The Senior Clinical Data Manager coordinates and completes data management activities to ensure accuracy and consistency of clinical databases for subsequent analysis and reporting.
To perform this job successfully an individual must be able to perform each essential function satisfactorily.
• Coordinate and complete data management activities to meet project timelines and communicate status to respective team members.
• Perform coding review for adverse events, medical history and concomitant medications and coordinate medical monitor review and approval of medical coding with the clinical study manager.
• Responsible for data management activities, database cleaning and lock activities including developing data management plans, supervising database development and reviewing and processing clinical trial data to ensure completeness, accuracy and consistency of clinical trials databases.
• Work closely with CROs to prepare and ensure proper execution of data management plans and manage data management projects from beginning to end.
• Work closely with Clinical Operations group, biostatisticians, SAS programmers and other staff as appropriate to develop CRF’s to ensure the required information is captured for statistical analysis. Work with biostatistician and SAS programmers to compile and maintain SAS data dictionary.
• Prepare and distribute or facilitate distribution of periodic reports of study status including, CRF completion status, missing pages, query aging, etc.
• Participate in cross functional team meetings as requested and communicate with all departments regarding project statuses/issues, provide ongoing feedback on data management workflows to increase efficiency and provide feedback to CRAs.
• Oversee interactions with outside vendors (e.g. clinical laboratories) on collection, transmittal and transfer of study specific data.
• Develop and update SOP’s associated with the data collection, handling and review processes to meet regulatory compliance and operational needs.
• Participate in clinical review and validation of statistical outputs used in the preparation of final reports.
• Manage multiple and varied tasks, prioritize workload with attention to detail.
• Other duties as assigned.
• Requires a Bachelor’s degree in a related field with a minimum of 5 years’ experience or High School equivalent with at least 7 years’ experience working in a clinical research data handling environment with relevant practical pharmaceutical/biotechnology experience in protocol review/CRF design, EDC clinical study databases and data management.

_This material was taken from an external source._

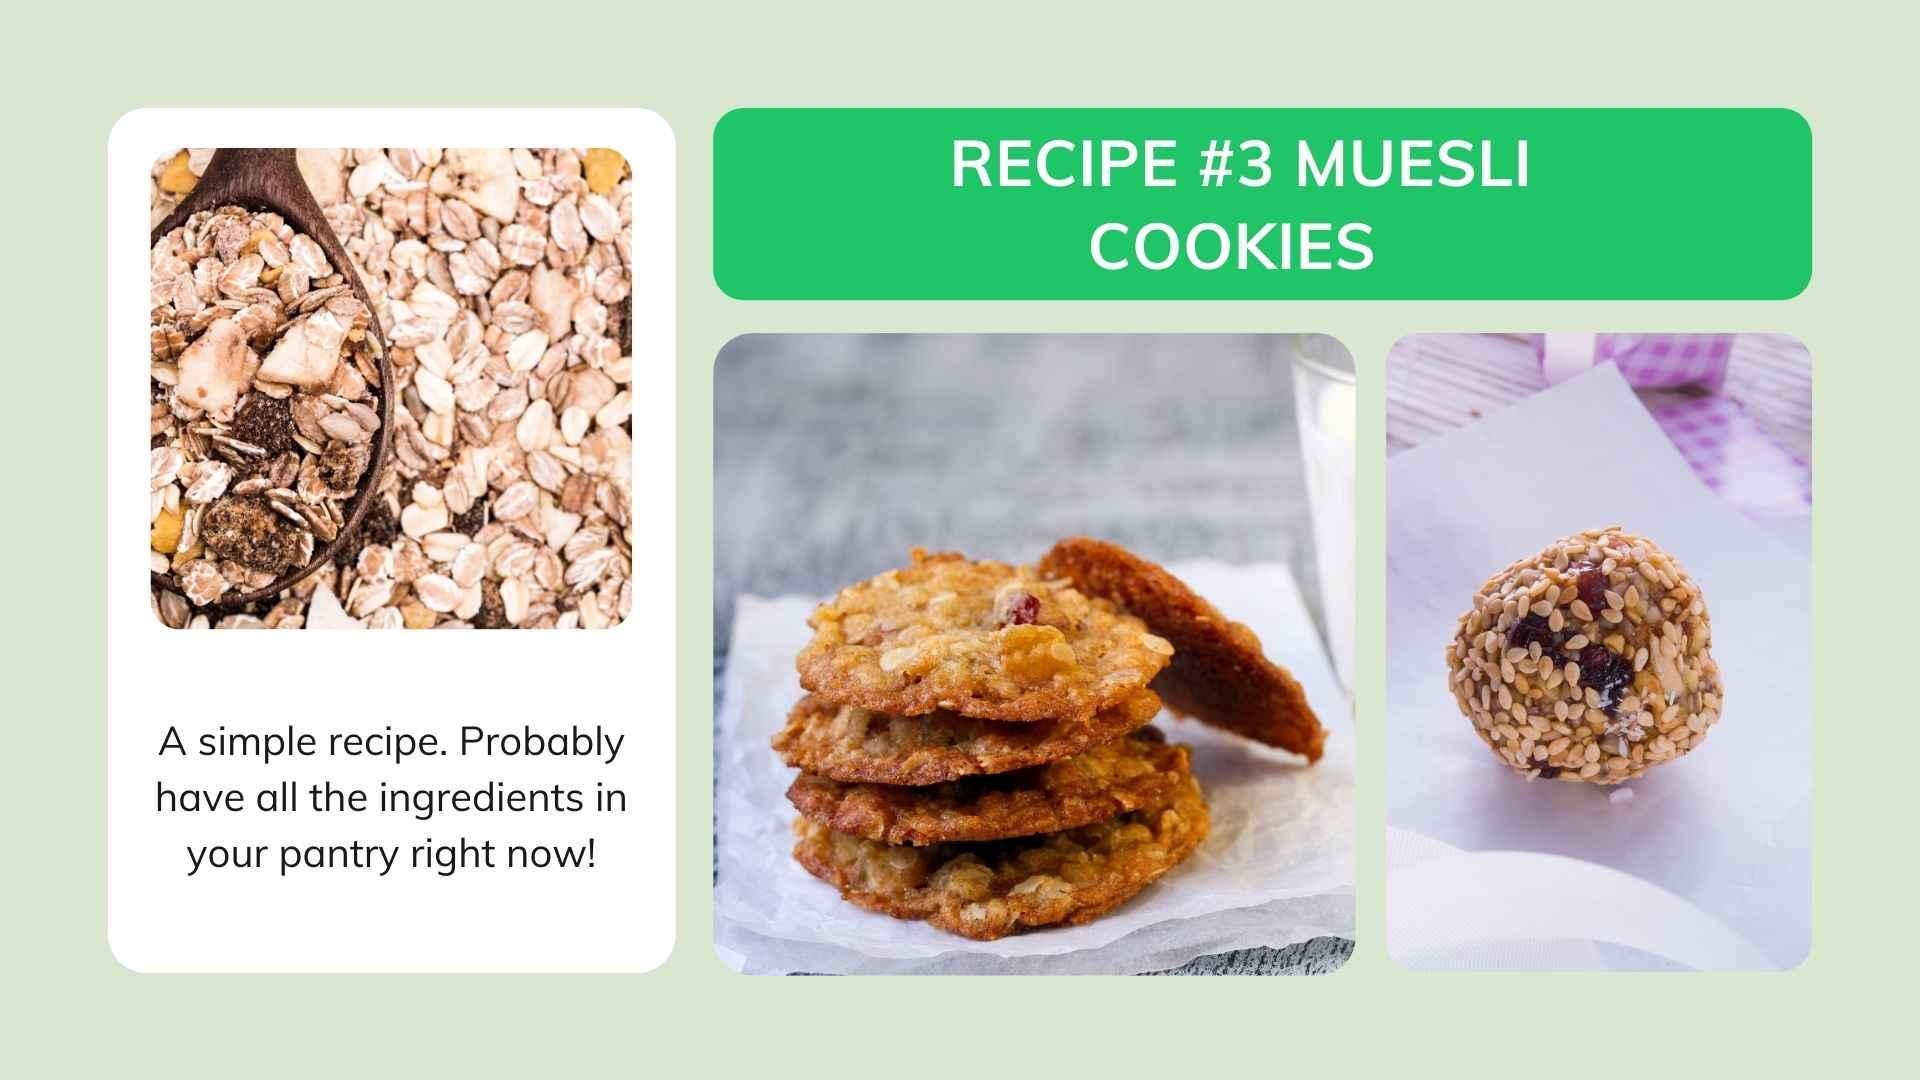 Recipe #3 Muesli Cookies

• Previous vendor management experience using Interactive Web Response System (IWRS), Imaging, Patient Reported Outcome (PRO) and other database technologies.
• Highly detail oriented while maintaining work efficiency, able to prioritize activities across various projects at different study stages.
• Knowledge of industry standards, such as the ICH guidelines, CDASH, 21 CFR Part 11, and FDA guidelines.
• MedDRA and WHO Drug coding proficiency is preferred.
• Knowledge of SAS is desired.
• Excellent time management, flexibility, ability to coordinate workload and meet established deadlines.
REQUIRED KNOWLEDGE AND ABILITIES:
• Strong verbal and written communication skills are essential.
• Excellent organization and multi-tasking skills.
• Exceptional interpersonal skills and problem solving capabilities.
• Proven meeting planning skills.
• Ability to work effectively across a matrix organization.
• Ability to work independently and prioritize with minimal daily instruction.
• Ability to think strategically in order to improve current processes.